The 20 patients were recruited between September 2005 and January 2006. For 8 patients (40%), information in the PharmaNet database was consistent with the prescription medication list obtained during the best possible medication history at the time of admission. For the other 12 patients, a total of 30 unintended discrepancies were identified, 13 (43%) of which were classified as having potential for moderate or severe harm. The proportion of patients with unintended discrepancies was similar to that for the comparison cohort (60% versus 54%). Although the percentage of discrepancies involving omissions was lower than in the comparison population (37% versus 46%), these results were offset by a higher proportion of commission discrepancies (27% versus 0%).

Conclusion:

Unintended discrepancies were frequent, despite use of the PharmaNet database at the time of admission. Inconsistencies between the PharmaNet record and patients’ actual medication use, coupled with failure to verify PharmaNet data with patients, were likely contributing factors.

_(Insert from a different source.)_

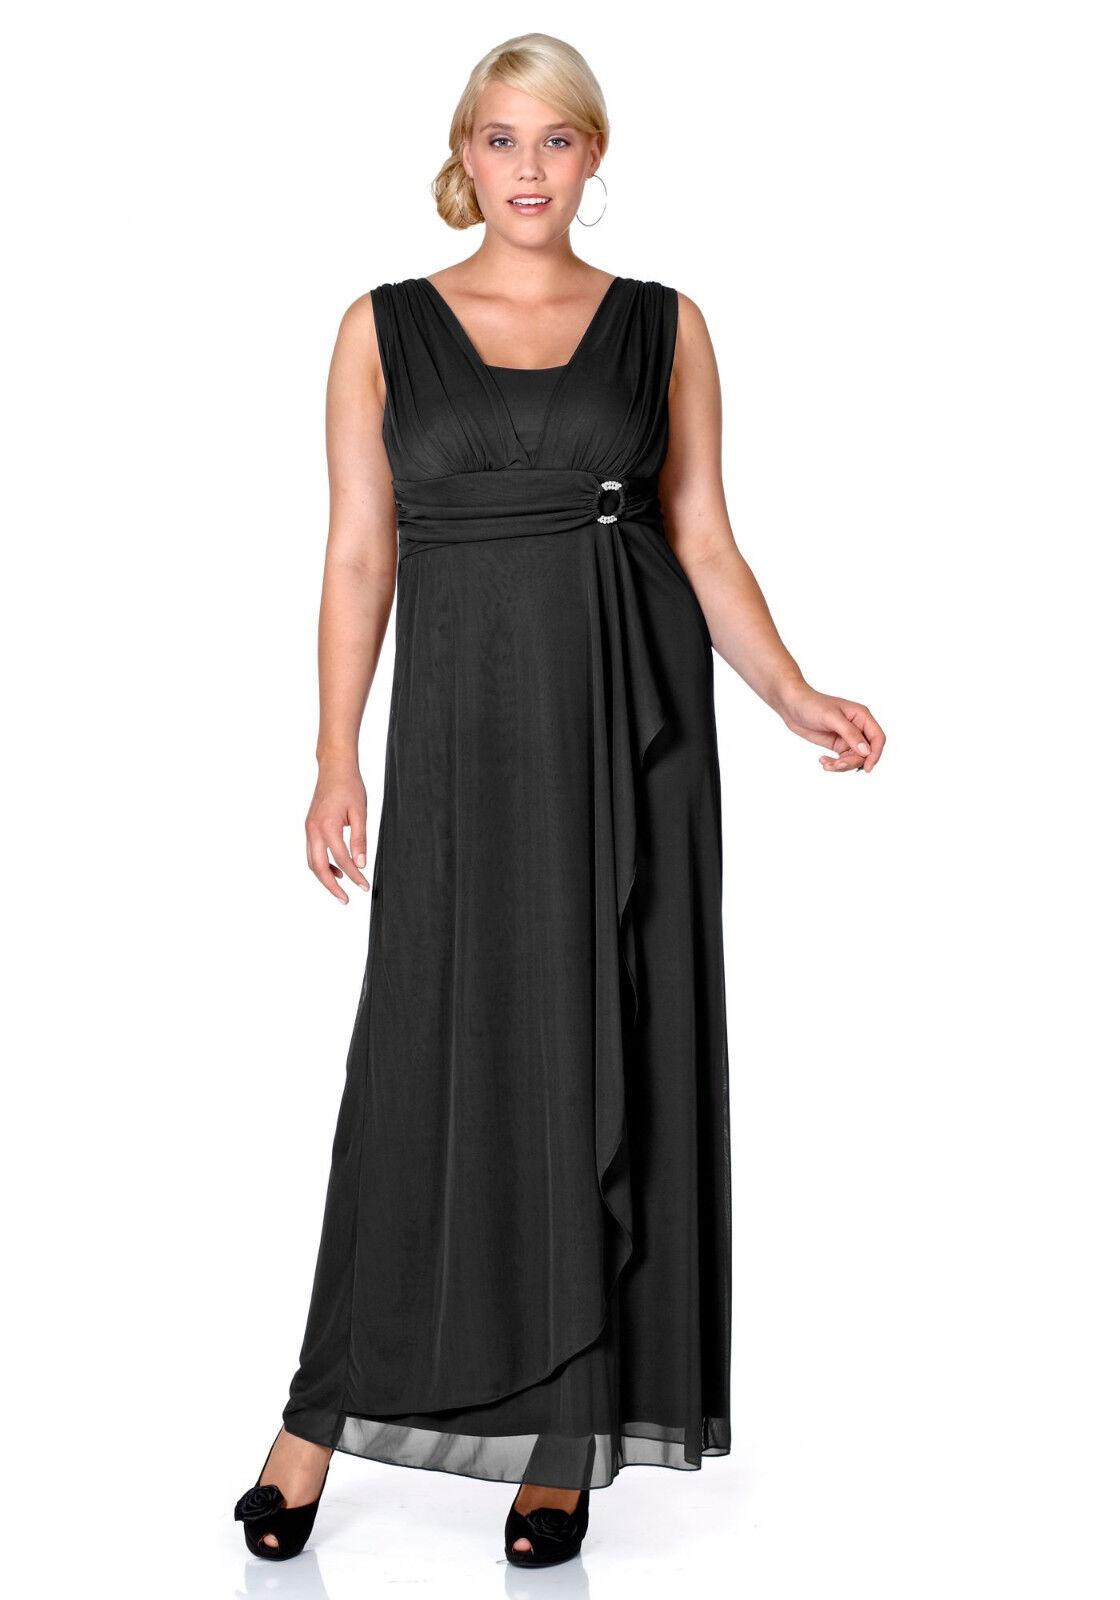 Details zu Abend-Kleid sheego Style. Schwarz. Kurz-Gr. NEU!!! KP 11,11 €  SALE%%%

Keywords: medication history, medication reconciliation, prescription database, medication errors

INTRODUCTION

Medication errors are thought to account for up to 20% of all adverse reactions experienced in the hospital setting.1 One common source of medication error occurs on admission, when the health care provider collects information about the patient’s medications before admission and then decides to continue or discontinue these medications during the hospital stay. Adverse events can arise if there is an unintended discrepancy between the patient’s actual medication history and the medications ordered in the hospital. In 2005, Cornish and others2 reported that for 53.6% of study patients at a 1000-bed tertiary care hospital in Ontario, there were unintended discrepancies between orders written on admission to a general medicine ward and an interview-based medication history. Thirty-nine percent of these discrepancies were identified as having the potential to cause moderate or severe patient discomfort or clinical deterioration.

One potentially attractive option to minimize these errors is the use of pharmacy databases that record medication prescriptions filled at outpatient pharmacies. In British Columbia, pharmacies and hospitals have access to PharmaNet, an electronic, patient-specific record of prescriptions filled at all outpatient pharmacies throughout the province within the previous 14 months.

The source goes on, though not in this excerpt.